Honduras’ former president, Lobo Sosa, said his successor, President Juan Orlando Hernández, would definitely have been aware of the purchase.

“There is no way that he did not know what was going to be done,” Lobo Sosa said. “They could not authorize that money being given without him authorizing it.”

Government spokespeople did not respond to requests for comment.

Credit: INVEST-H Two men check equipment in the two mobile hospitals that were delivered to Honduras in July.

Old, Used, and Broken

It’s not entirely clear where — or when — the two mobile hospitals that Honduras received in July were actually made. They arrived almost four months after they were purchased, well over the estimated delivery time López had promised.

Inspections conducted by the Public Ministry and the CNA found the units appeared to be second-hand and visibly damaged and corroded in places, according to the Honduran news outlet La Prensa. An official audit of the hospitals found they were missing 61 ventilators needed to treat patients with severe COVID-19 symptoms, while a list of equipment seen by reporters confirms none were delivered with the units.

The audit, published on October 8, also said the hospitals had not been set up, in part because the technicians who were meant to install them never arrived.

INVEST-H is still working with López and has released images showing the remainder of the hospitals are being made by a Turkish company called Vertisa Cevre Tek.

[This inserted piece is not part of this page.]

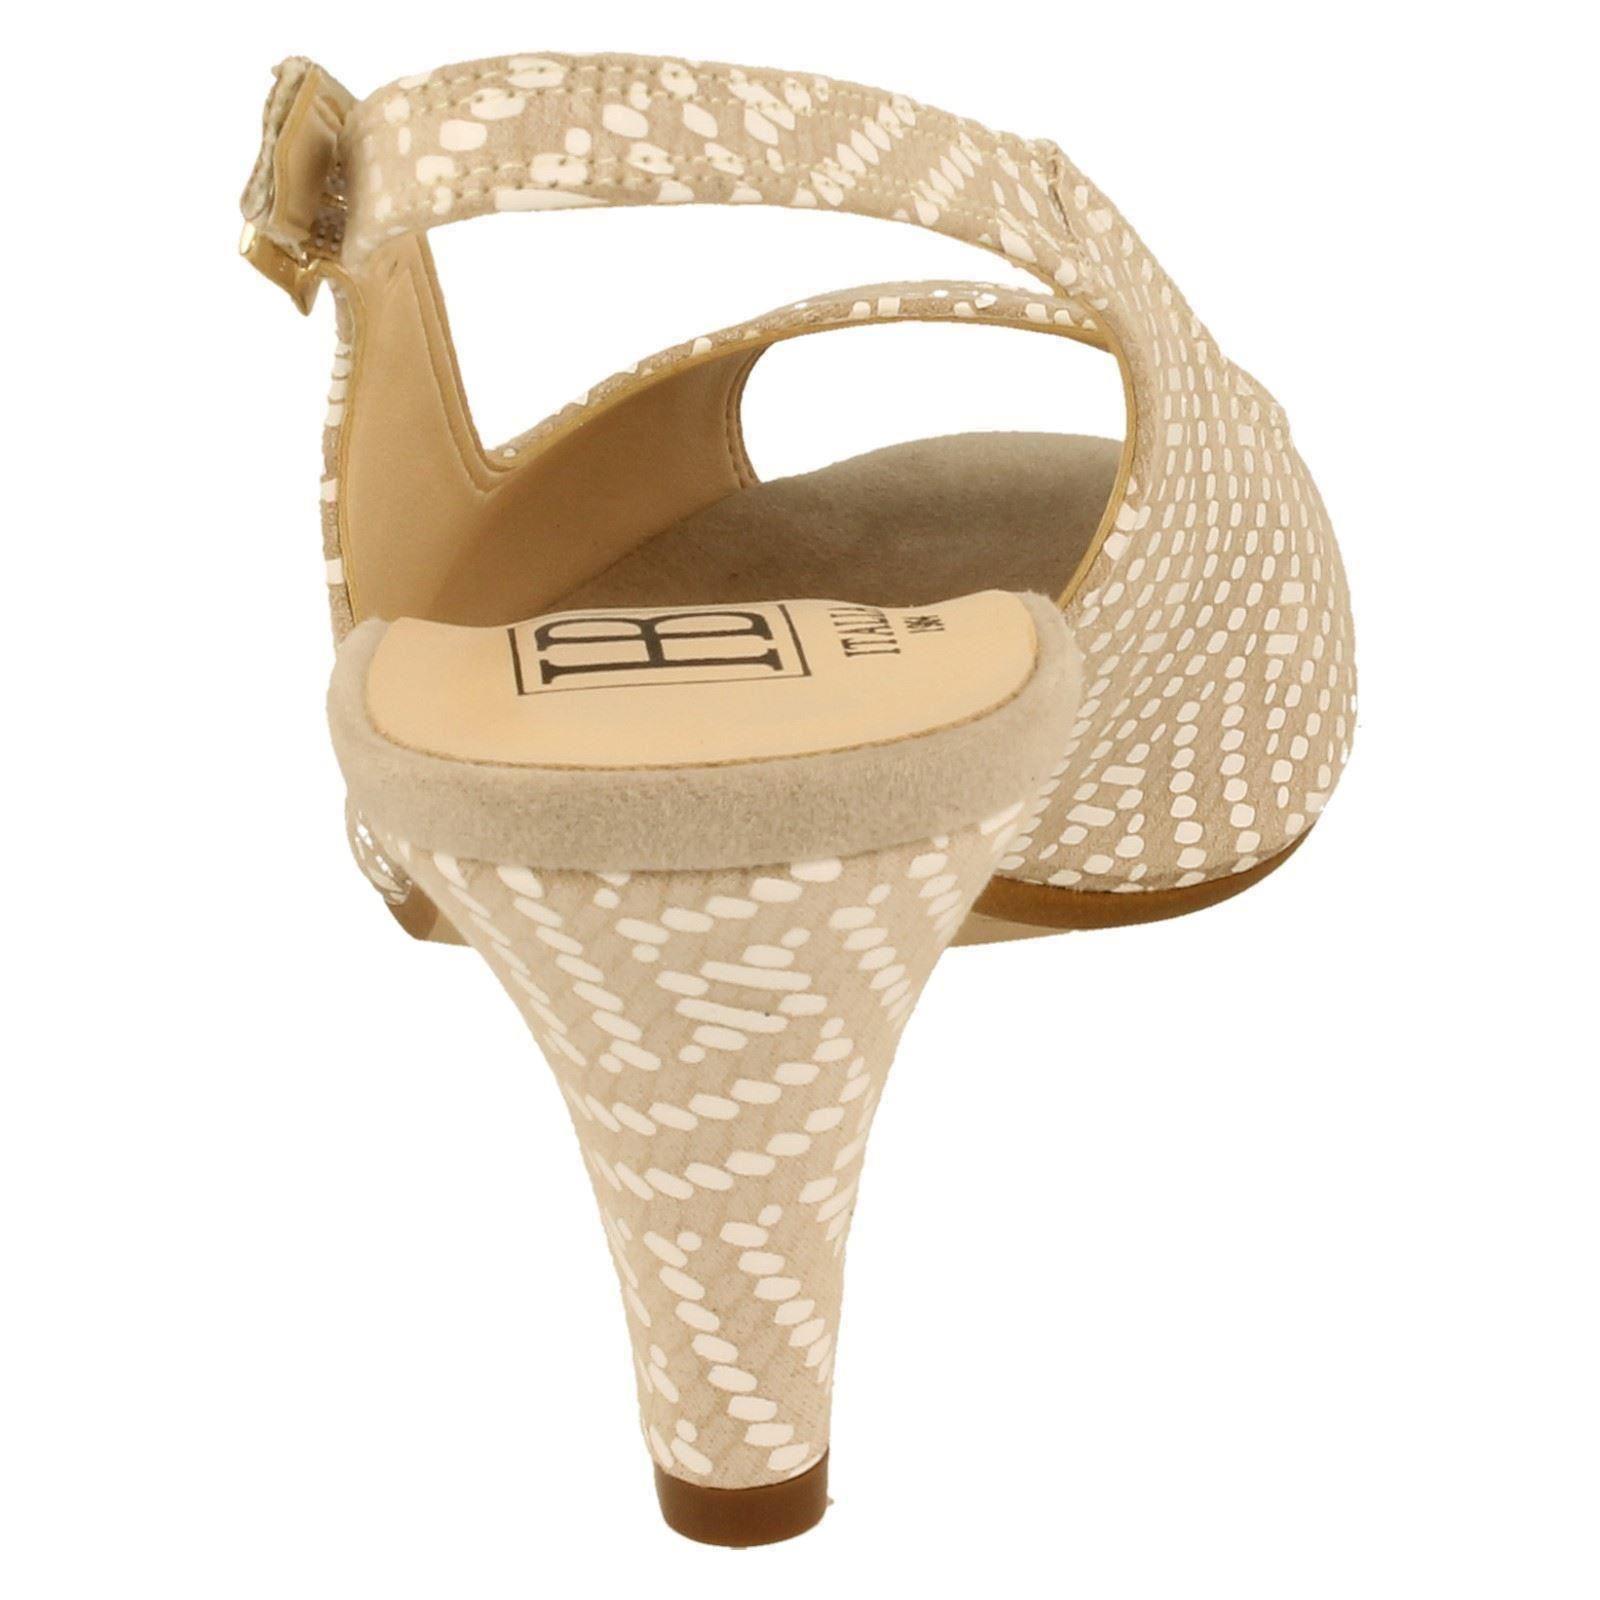 Ladies HB Sling Backs The Style B272-W

That company also has ties to López: It lists his Florida-based company Vertisa Medical Waste Technology, LLC, as a U.S. distributor, and in an undated post on a local business forum López is quoted as saying the two companies had partnered to form VERTISA Medical Waste Technology.com.

OCCRP tried to contact Vertisa Cevre Tek’s CEO, but got no answer.

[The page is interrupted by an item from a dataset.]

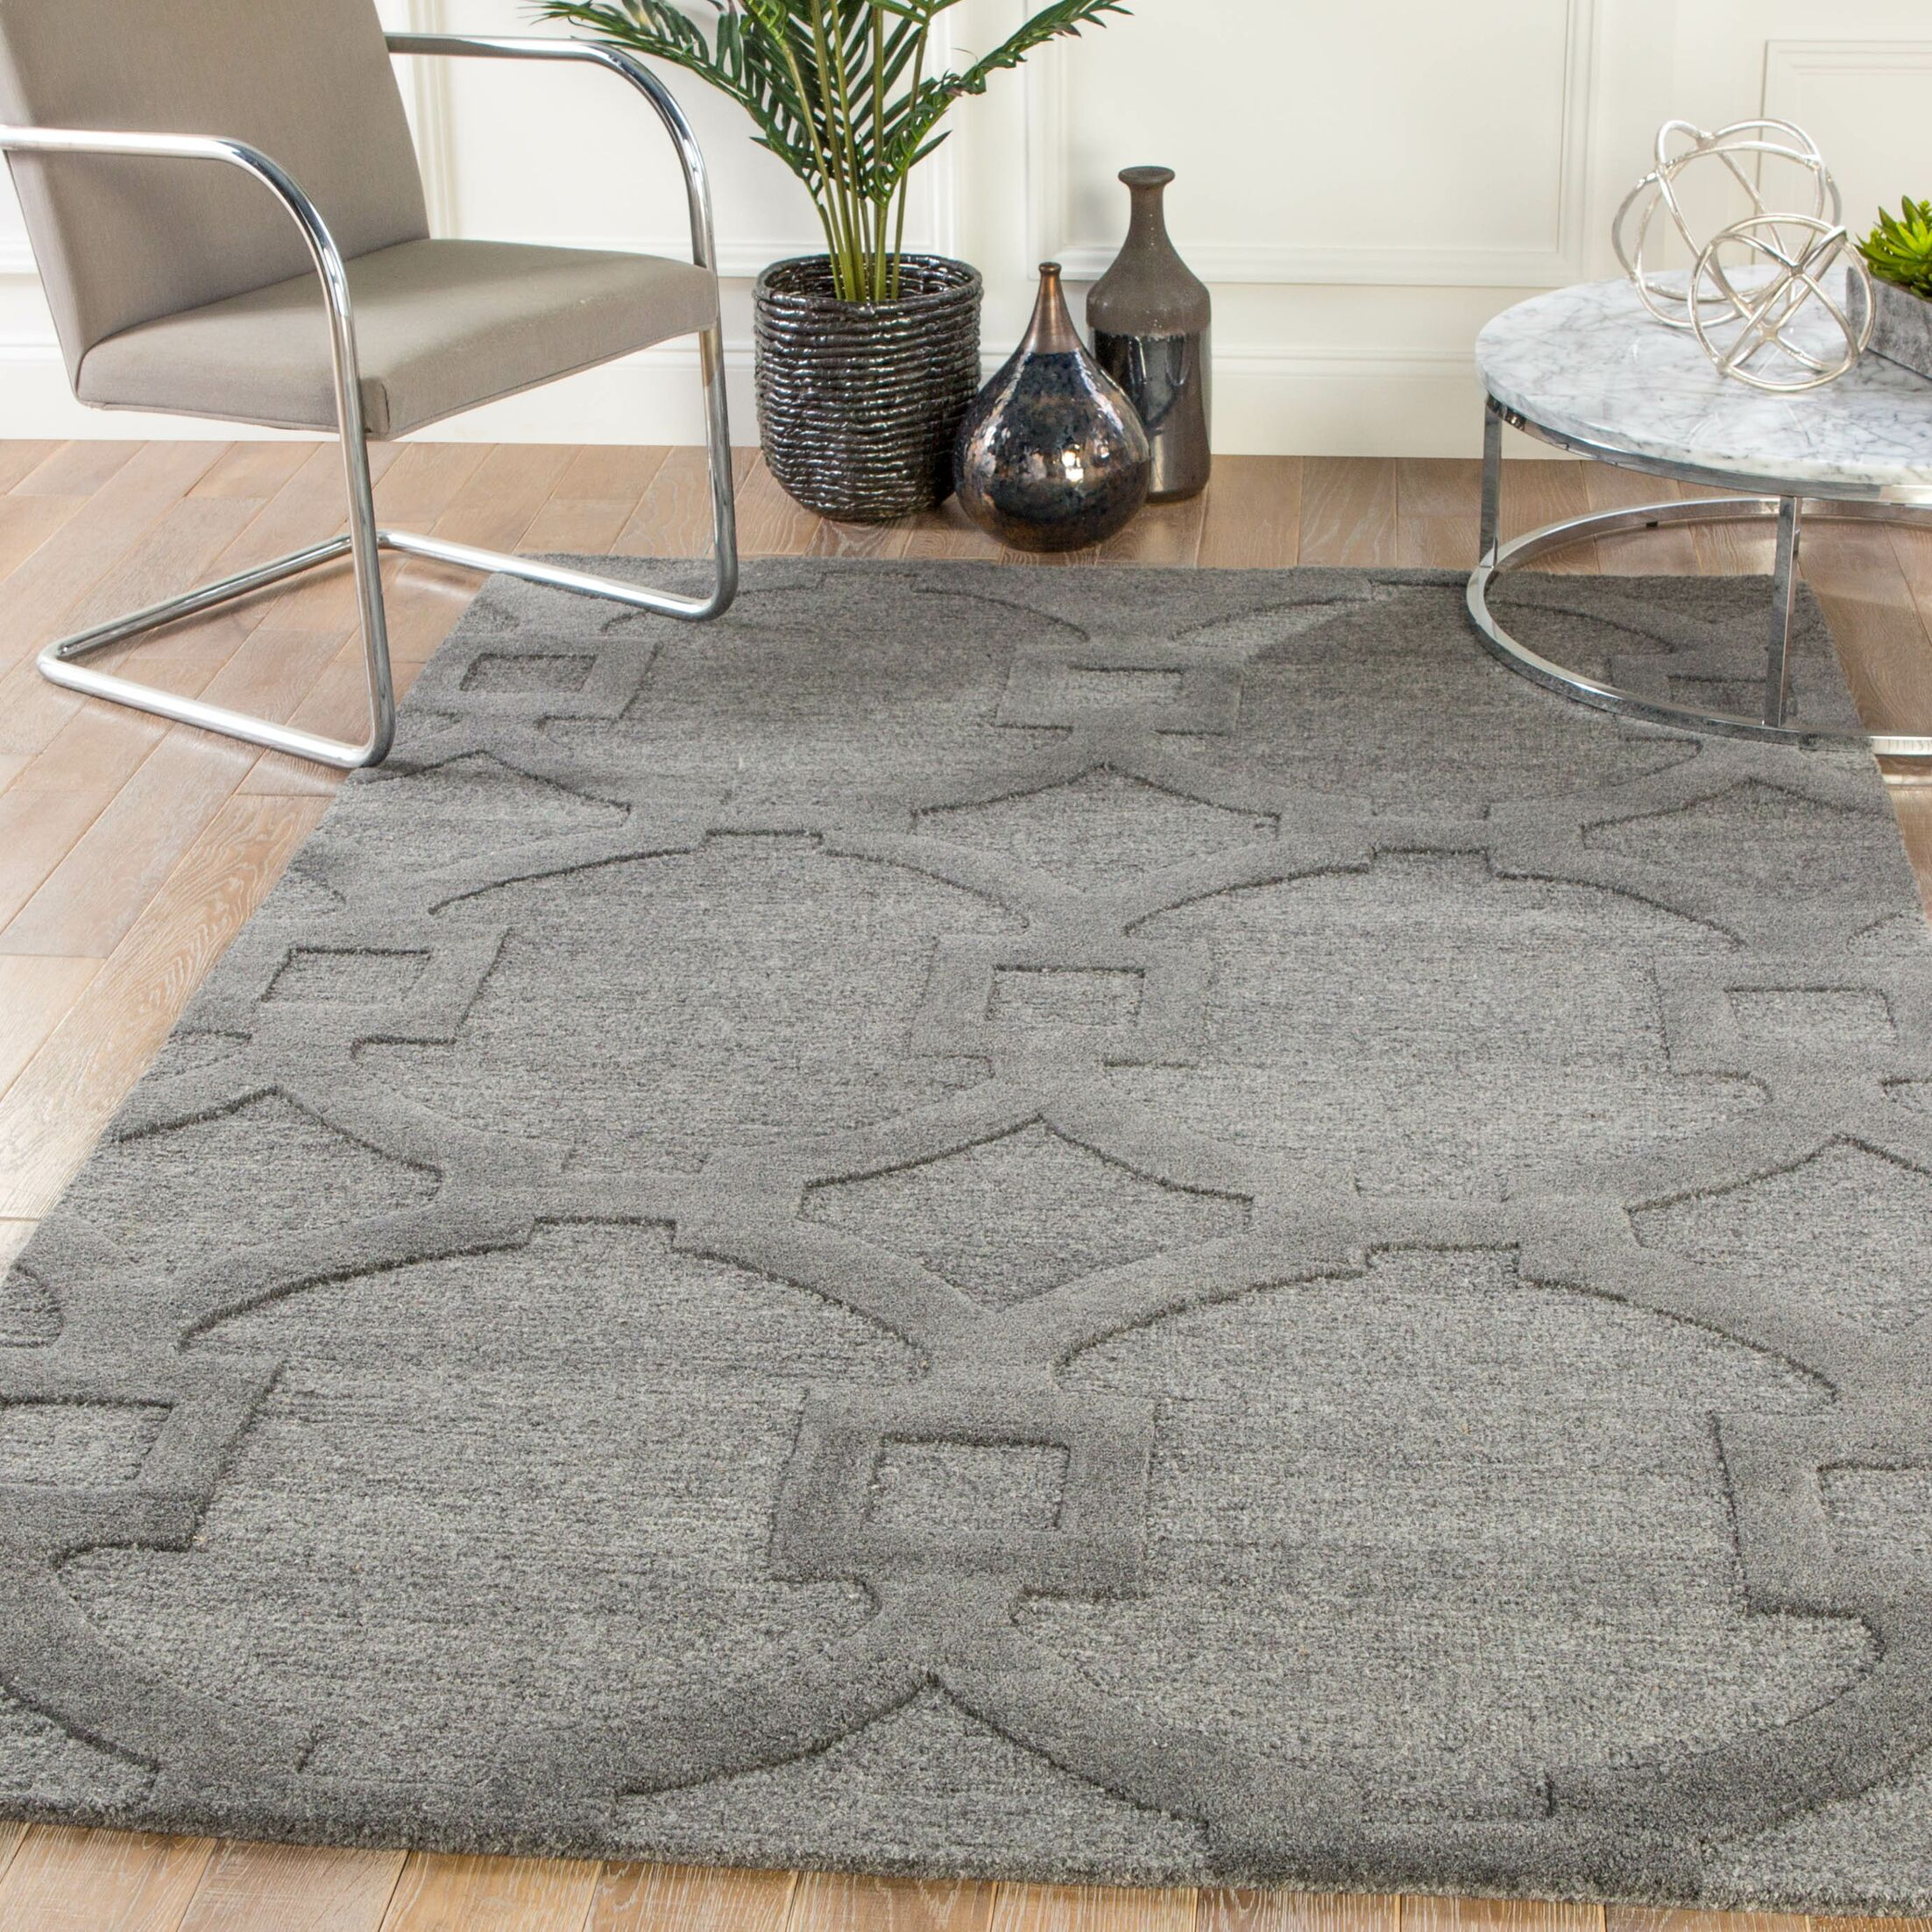 Bohara Trellis Hand-Tufted Wool Gray Area Rug Rug Size: Rectangle 2' x 3'

López himself keeps disappearing. El Pulso and OCCRP have been trying to reach him since late May but he has not responded to messages or answered calls. Even INVEST-H was unable to reach him for several weeks over the summer.

“I ask you to keep us informed if possible every 3 to 5 days and if there is any kind of evidence you can send us that all this is really happening,” the body’s interim director, Evelyn Bautista, wrote in an email on July 13.

López finally reappeared in August, when INVEST-H released a statement saying Elmed was in the process of constructing the remaining hospitals, accompanied by pictures apparently showing them being made in the factory. In a press release issued at the same time, López apologized for the delays and promised they would be finished by the end of that month.

Two more hospitals reached Honduras in October, but, at the time of publication, three had still not arrived. A report by an INVEST-H commission that visited the factory in Turkey listed 57 separate issues with the units, including bad odors, improper programming of door sensors, and accumulation of water on their roofs. Inspectors have reportedly also found problems with the two which reached Honduras this month, although they have not yet released details.

José Gustavo Boquín, a member of a board tasked with temporarily managing INVEST-H, said they had decided “to accelerate the pace and support the provider in all possible steps so that he can fulfill the delivery of the hospitals as quickly as possible.”

Bográn resigned from his post in late June. He was arrested this month on charges of misappropriation of public funds over accusations he and four other INVEST-H employees spent more than $4,000 quarantining in a luxury hotel for 15 days. Another warrant for his arrest was issued shortly afterwards, this one for allegedly awarding his uncle a contract to supervise building work on the site where one of the mobile hospitals would be placed.

David, the young man infected with COVID-19, recovered at home, which his brother said was thanks to the Herculean efforts of his doctor and the prayers of his family. But he has been left with a lung condition that makes him tire easily.

When asked about the disastrous purchase of mobile hospitals, José said, “The guys who did that and thought of that have no forgiveness from God, playing with the health of human beings.”

Kelly Bloss (OCCRP) and Nelfi Fernandez (El Deber) contributed reporting.